Since in this case the agents trading are Governments themselves, it is necessary to have the incentives imposed by a superior authority, which could be a UN convention. On the other side, ecosystem services are already a limited resource which is expensive to produce. Leaving aside the precise choice of the superior authority, it remains to understand how this can impose the scarcity, meaning which incentive scheme can be used. The imposition of predefined quantities of ecosystem services to be generated, like in emission trading, should be ruled out since societies choose this quantity based on their revealed preferences. However, a better solution is to create a global bank account under the superior authority denominated in a universal currency (i.e.: IFC drawing rights). Every time policy-makers in a country reduce value of ecosystem services the superior authority will tax that country in equal amount and deposit the money in this bank account. Against this money, the authority will then print its own notes. Consequently, whenever a country increases the value of ecosystem services in any part of the world the authority will reward it in equal amount with its own notes. Clearly, for these notes to have value the authority must impose that they are considered outside money, like gold, and redeemable at par.
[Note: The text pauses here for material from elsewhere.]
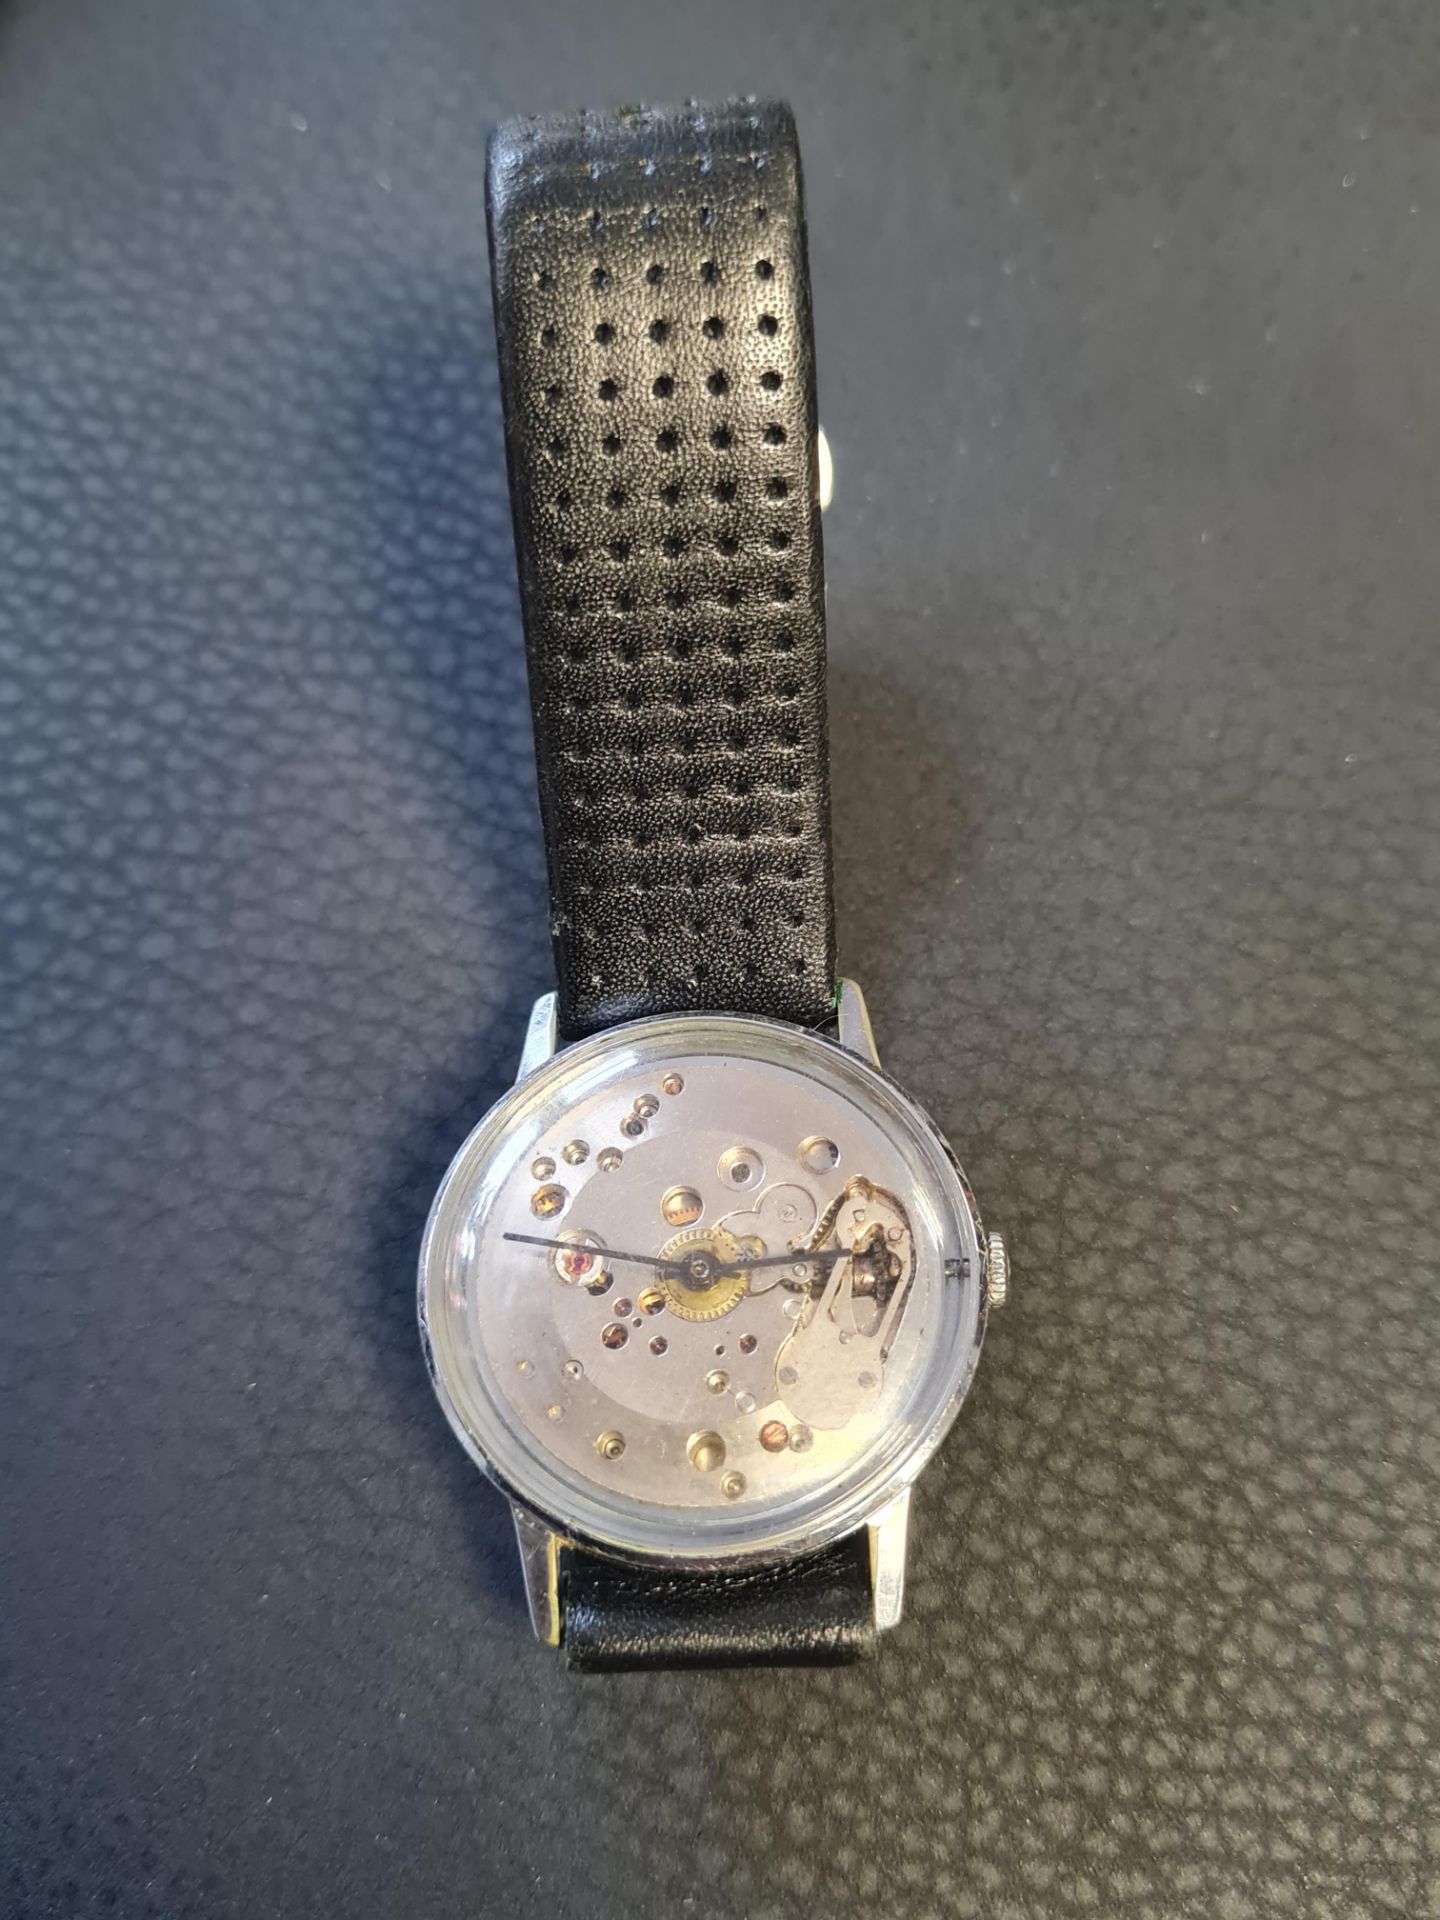 Vintage Skelton Watch working

With this scheme, policy-makers will look for investments affecting ecosystem services in any part of the world as a direct cost or revenue for their country.
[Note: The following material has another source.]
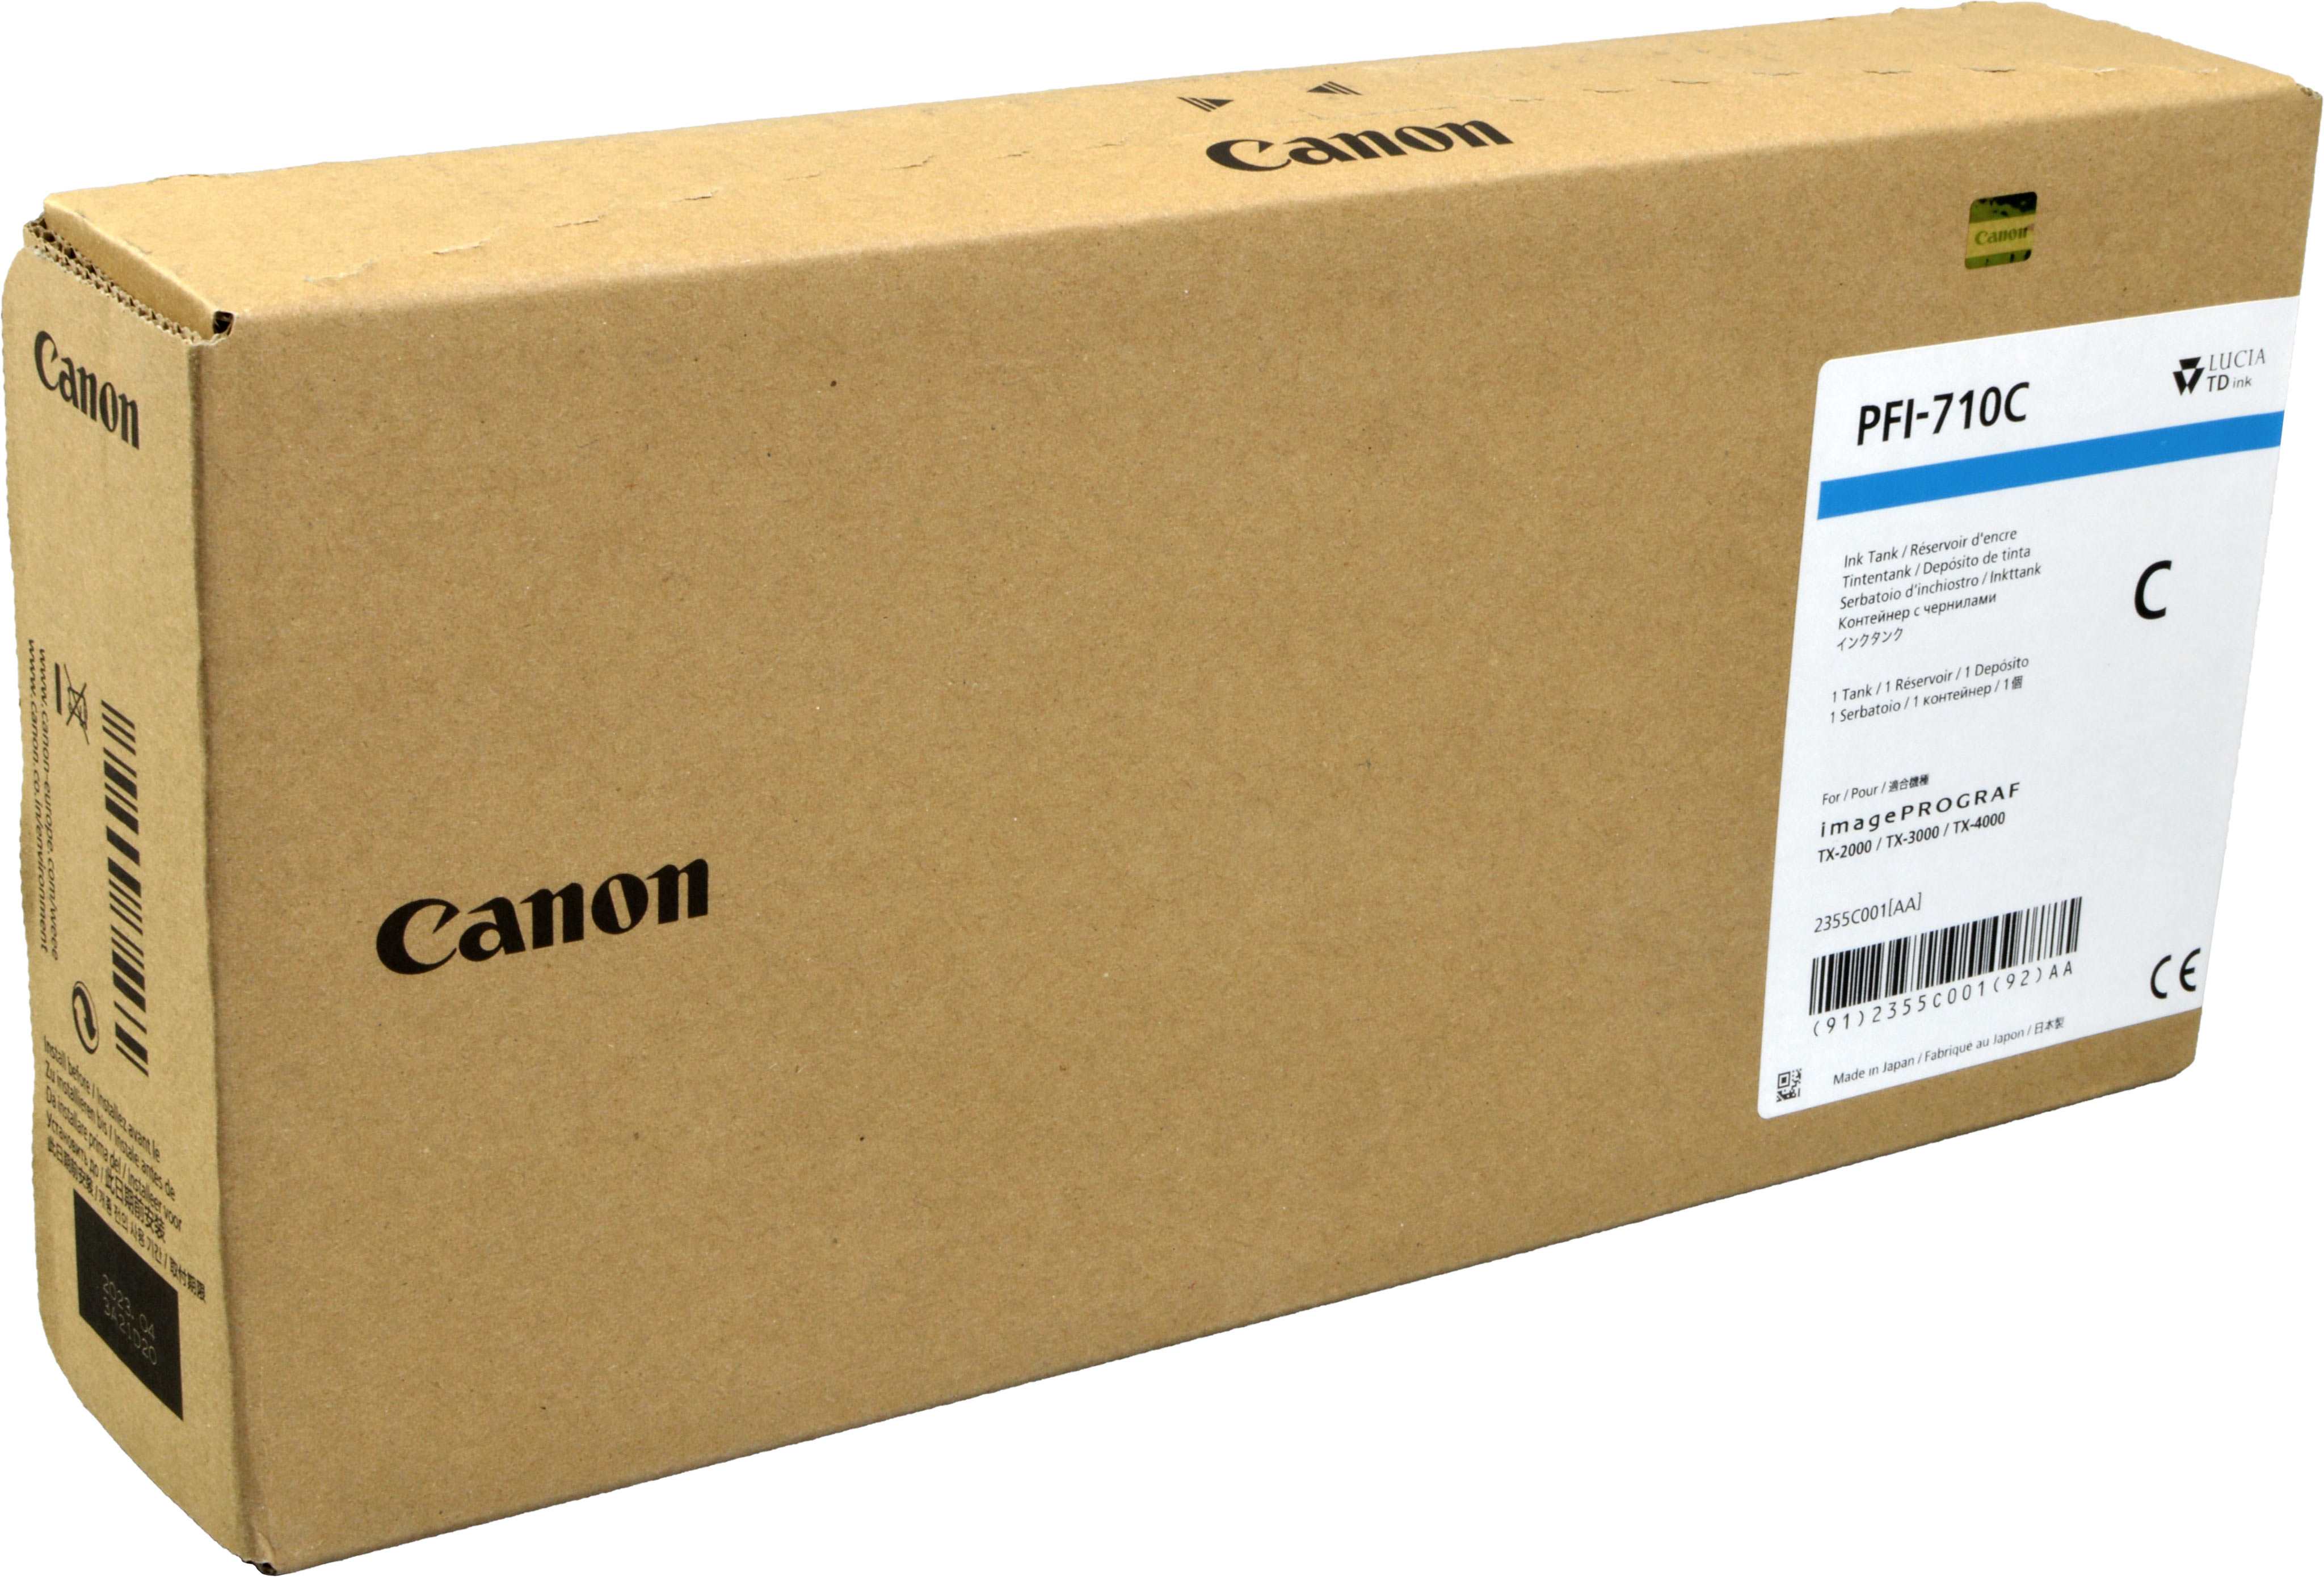 Canon Tinte 2355C001  PFI-710C  cyan

A Practical Example with the Fukushima Daiichi Nuclear Disaster

Having explained the theoretical framework, it is useful to see how this could be deployed in practice. It has thus been chosen to present briefly a hypothetical case involving the Fukushima Daiichi Nuclear Disaster. This indeed allows seeing both the destruction and the recreation of ecosystem services, namely both legs of the scheme.

On the first hand, the Disaster reduced considerably the value of ecosystem services in a large area. Because this is a scheme at Government level, Japan as a country would have to pay to the superior authority an amount equal to the services that have been destroyed. In turn then, Japan could finance this amount in several ways, like taxing TEPCO, which operated the plant, but this is beyond the current goal. The authority would then deposit the amount in its account and issue notes against it.

At this point, a European country, for example France, could realise having the competencies to restore those ecosystem services either in its public or private sectors. It could thus ask the authority to make a preliminary assessment of the value of an intervention, meaning the value of the restored ecosystem services and the size of the financial reward. If then the reward delivers an acceptable profit, France could go on with the project, assemble a consortium and finally increase the value of ecosystem services. The authority would then pay the French Government for the value of restored services with the new notes. These would then be deposited as outside money at the European Central Bank in this case which would give back Euros to the French Government. After paying all the costs for the project, France would still end up with a profit which can be invested to increase France utility.


This short article showed how ecosystem services can be used as a tool in international relation. After defining them, it has been seen how this valuation method makes explicit the value of environment for societies and can guide policy-makers in their investment decisions. It has then be described an international settlement system which rewards and punishes countries as they improve or destroy ecosystem services. Finally the Fukushima Daiichi case showed how this could work in practice. In conclusion, ecosystem service can become a useful tool to improve and regulate investments for the environment.